HDK Eş Sözcüsü Uğurlu, ‘Şu an Türkiye bir açık hava hapishanesi. Şu an bütün toplum tecrit altında. İşçilere, barolara, sivil toplum kuruluşlarına yönelik baskıların hiçbiri İmralı’dan bağımsız değil’ dedi
Yurttaşların neredeyse her güne yeni bir gündem ile uyandığı Türkiye’de, özellikle ekonomik kriz ve Kovid-19 pandemisi aylardır süregelen sorunlardan. İktidarın yaşadığı siyasal krize bağlı olarak ortada uçuşan reform söylemleri, iktidar kanadından istifalar, siyasilere yönelik tehditler ve PKK Lideri Abdullah Öcalan’ın üzerindeki tecritin kalkması için başlayan açlık grevleri gibi bir dizi başlık yakıcılığını koruyor.

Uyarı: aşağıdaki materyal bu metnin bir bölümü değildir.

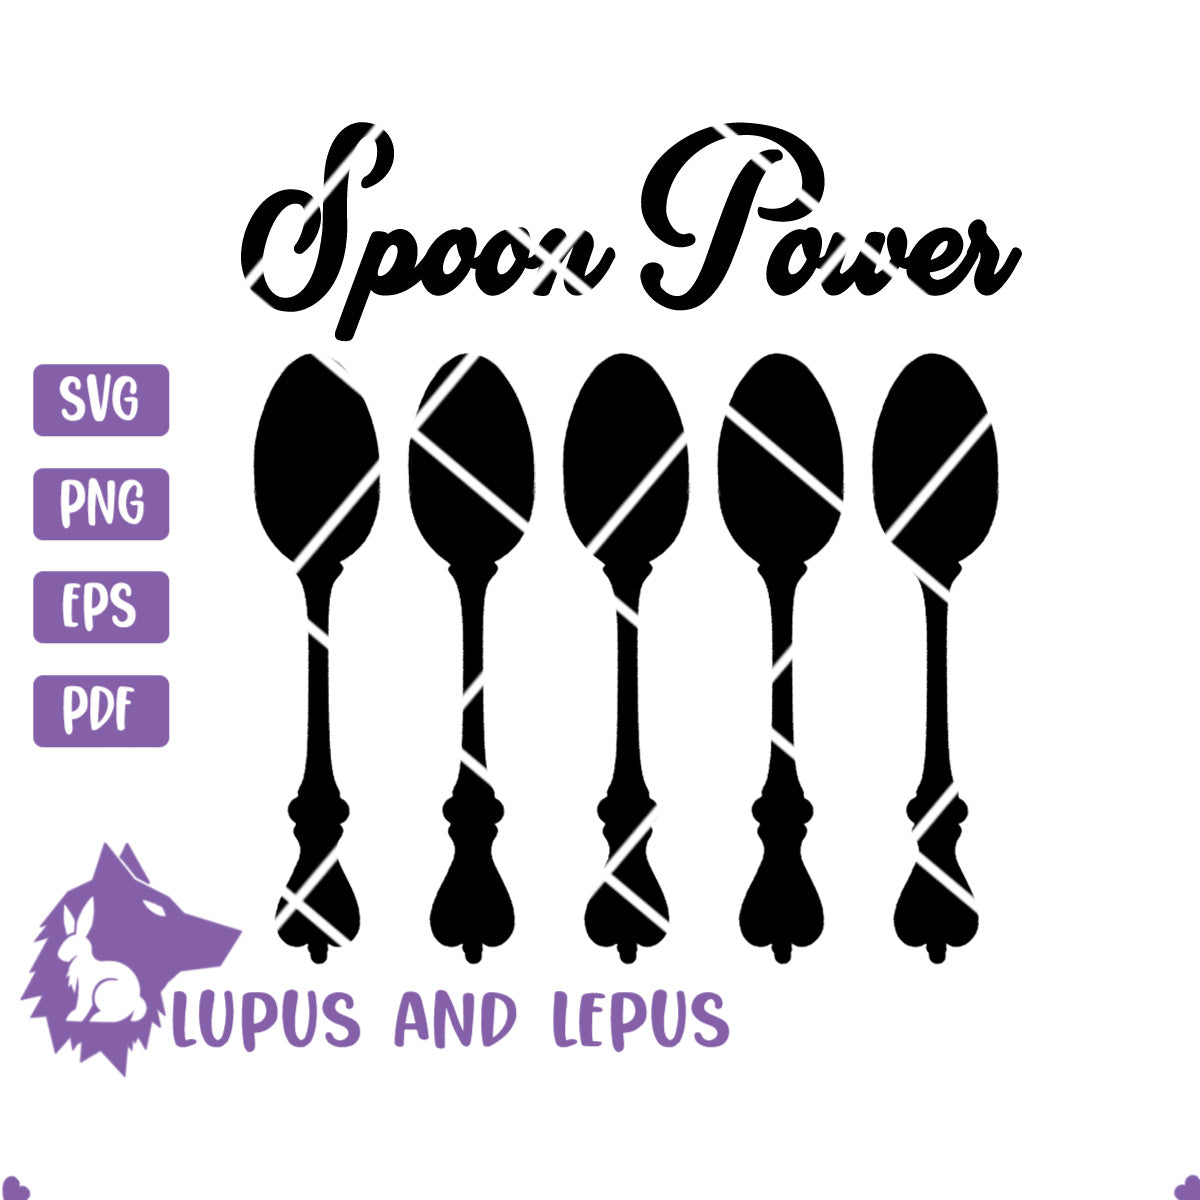 DIGITAL FILE - Spoon Power, spoons svg, lupus svg, chronic illness, spoon theory svg, fibromyalgia, rheumatoid arthritis, spoonie

Halkların Demokratik Kongresi (HDK) Eş Sözcüsü İdil Uğur ile gündemde öne çıkan konuları Mezopotamya Ajansı’ndan (MA) Naci Kaya ile konuştu.
‘Emekçi ve işçiyi salgınla başbaşa bıraktı’
Mevcut iktidarın pandemi sürecini yönetme derdinde olmadığı tespitini, daha salgının ilk günlerde koyduklarını dile getiren Uğurlu, iktidarın emekçi ve işçiyi açlığa mahkum ederek, salgınla baş başa bıraktığını söyledi. Sermayeyi koruyarak toplumun geri kalanını önemsemeyen iktidarın, saklanan verilerle bunu bir başarı hikayesiymiş gibi gösterdiğini vurgulayan Uğurlu, İBB’nin İstanbul’a dair açıkladığı verilerin, daha ilk günden itibaren şeffaf olmayan Sağlık Bakanlığı’na ait verilerin doğru olmadığını açığa çıkardığını kaydetti.
Erdoğan’ın ‘Bilim Kurulu’nu suçlaması
Uğurlu, ‘Sürecin birinci sorumlusu Bilim Kurulu’dur’ sözlerini hatırlattığı Erdoğan’ın, sorumluluğu üzerinden atarak ateş topunu Bilim Kurulu’nun kucağına bıraktığını ve günah keçisi haline getirdiğini ifade etti.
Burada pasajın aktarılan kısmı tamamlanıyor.